Arizona’s Long Walk to SB 1070

The Grand Canyon State is now considered a standard-bearer for anti-immigrant backlash. But it didn't get there on its own. Check our interactive timeline of how the feds pushed Arizona over the right's edge.

By Daisy Hernandez, Valeria Fern?ndez May 17, 2010

Last month, Arizona passed SB-1070, making it a crime for a person to be in the state without documentation proving their immigration status. The law also gives cops the right to use race as one factor in determining whether there’s a reason to ask for those papeles and grants citizens the right to sue cops if they’re not doing the job.

But just how did Arizona get here? Not solitos.

In the 1990s, the federal government decided to shut down key transit points for immigrants in cities in California, Texas and even Arizona. The faulty idea was that immigrants weren’t desperate enough to risk death by crossing the Sonoran Desert. They were, however, that desperate, and coyotes were only too happy to charge more for their needed services. Soon, the entry point to the U.S. shifted from California and Texas to Arizona.

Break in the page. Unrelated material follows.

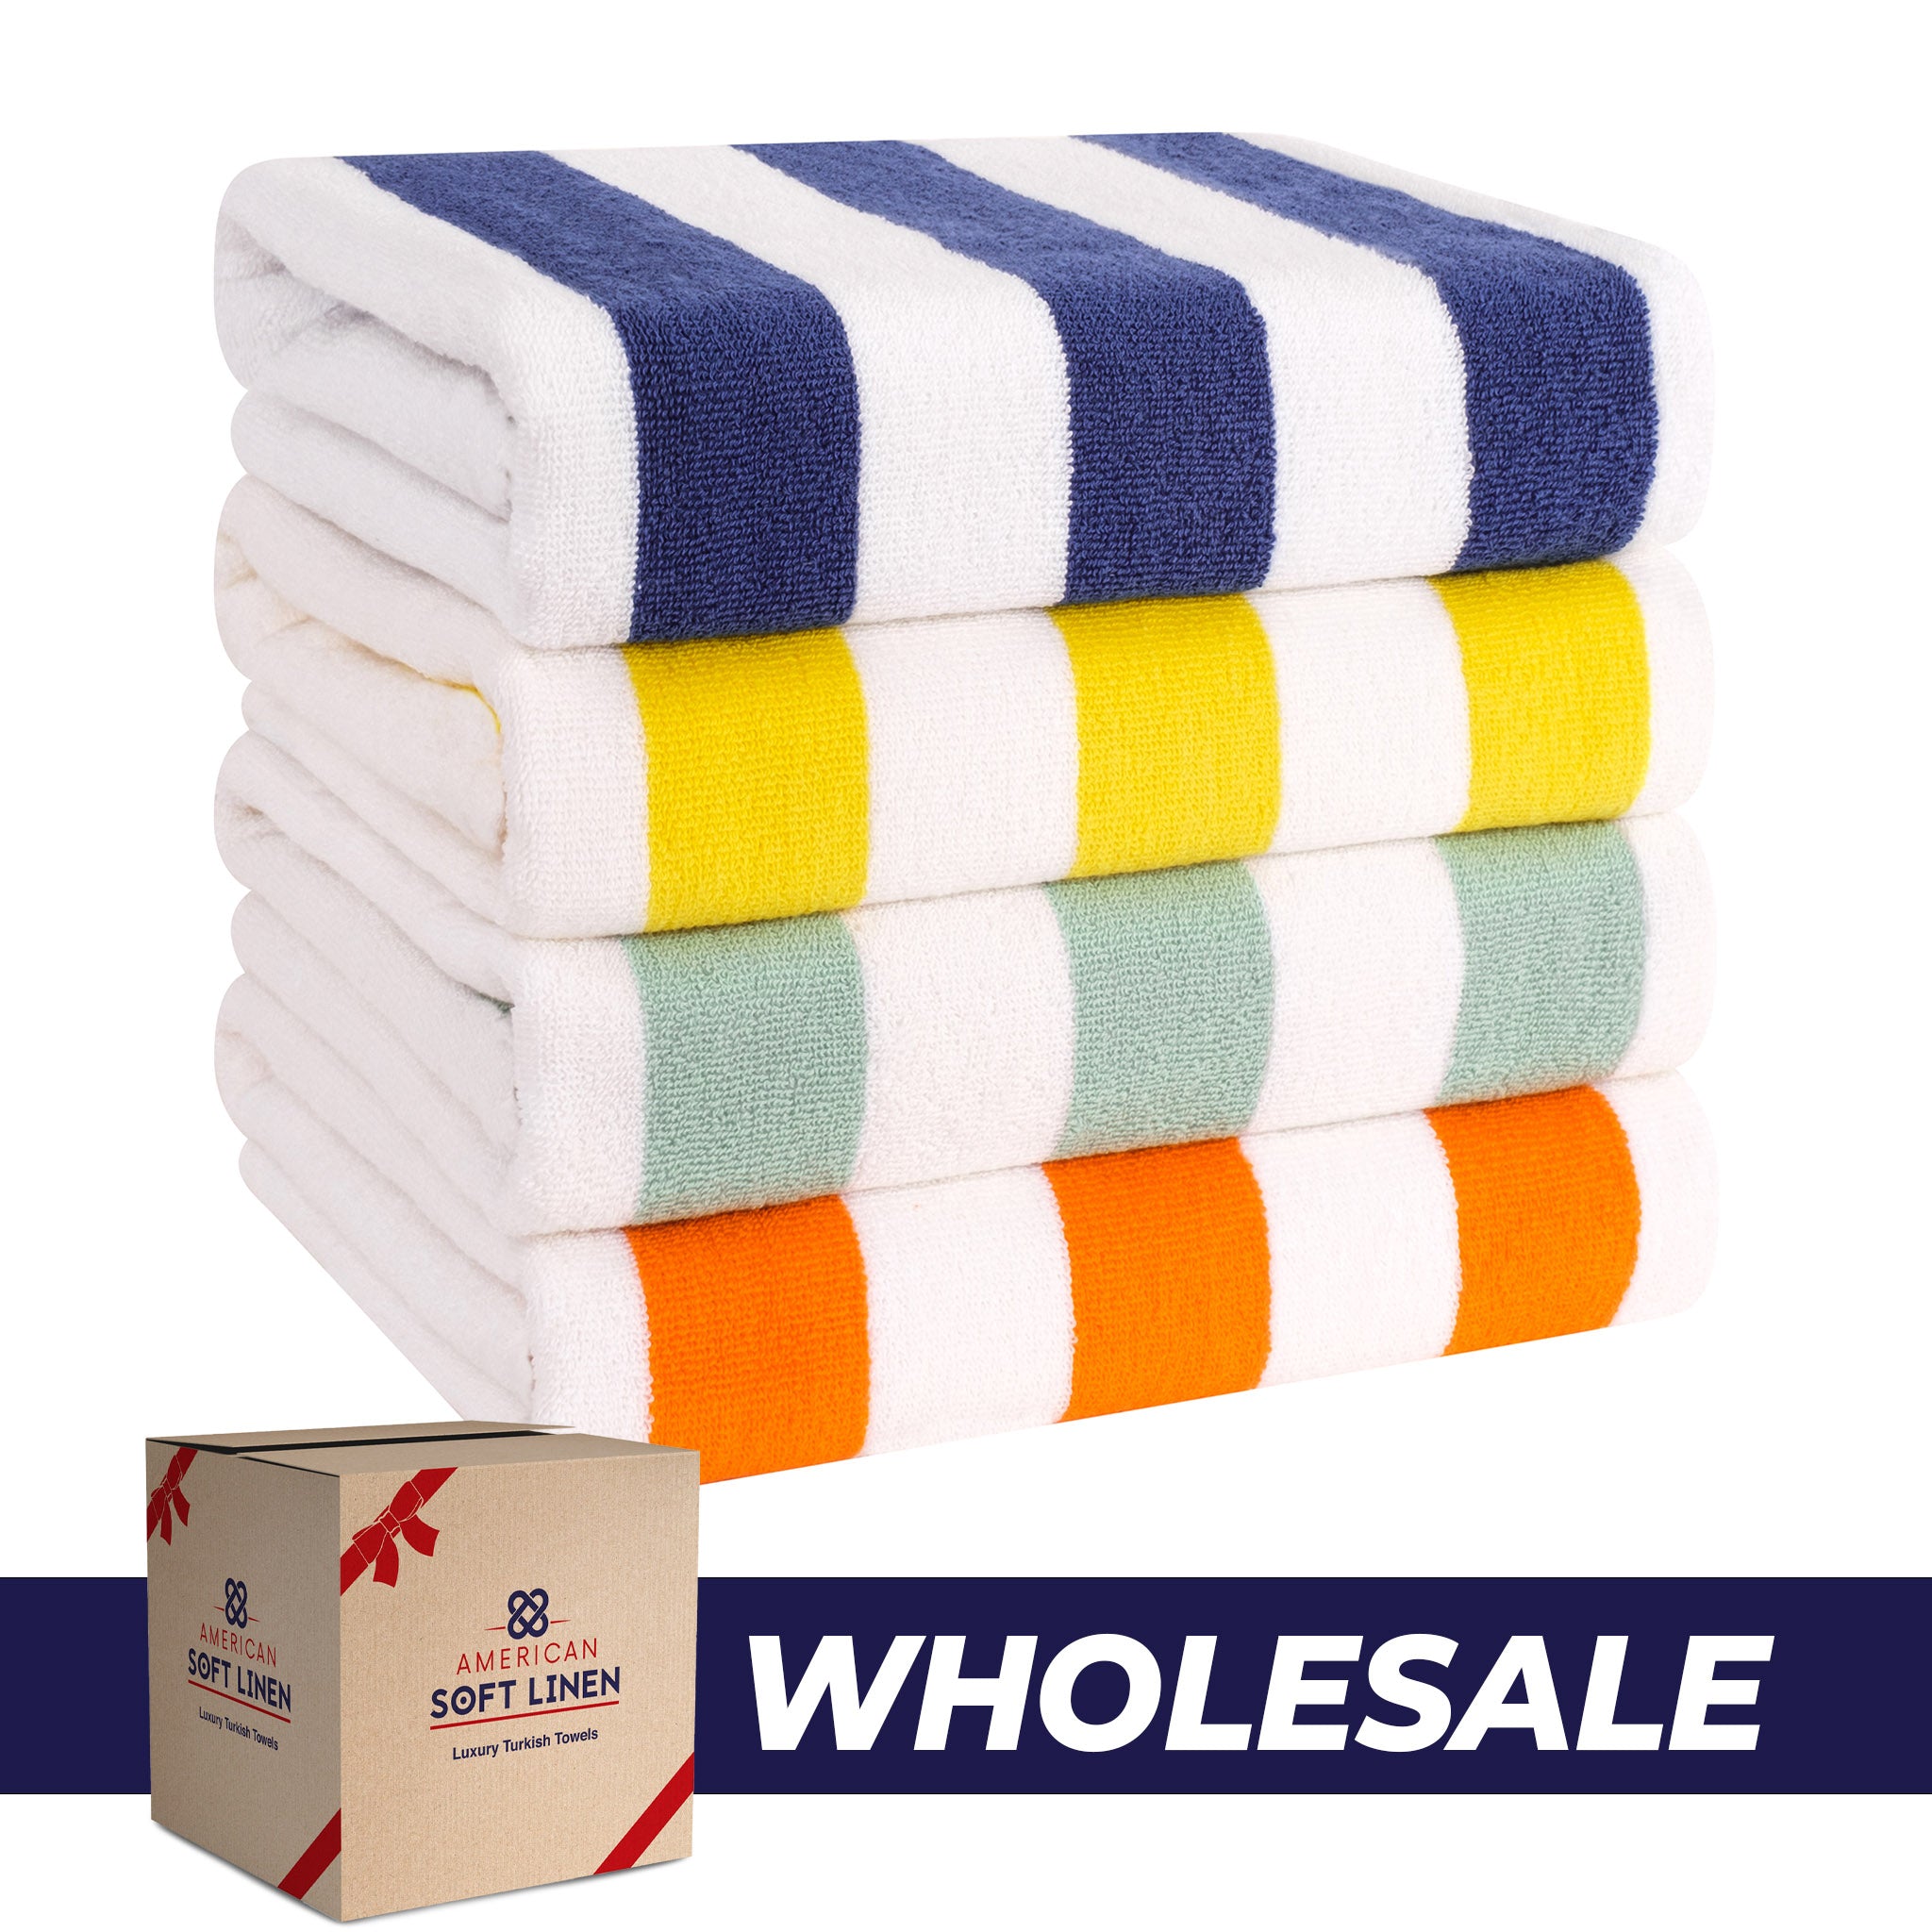 https://americansoftlinen.com/cdn/shop/files/american-soft-linen-cabana-striped-4-pack-cotton-beach-towels-30x60-8-set-case-pack-mix-0.jpg?v=1702898875

Over the years, Arizona voters have approved some of the most far-reaching and sometimes questionable laws in the country. But to be fair, they’ve had a lot of help from the federal government looking the other way. Politicians like Sen. Pearce, Sheriff Joe Arpaio, Gov. Brewer and at times former Gov. Napolitano have been able to blame the federal government for their actions in Arizona and at the same time have capitalized on voters’ fears over a volatile border situation.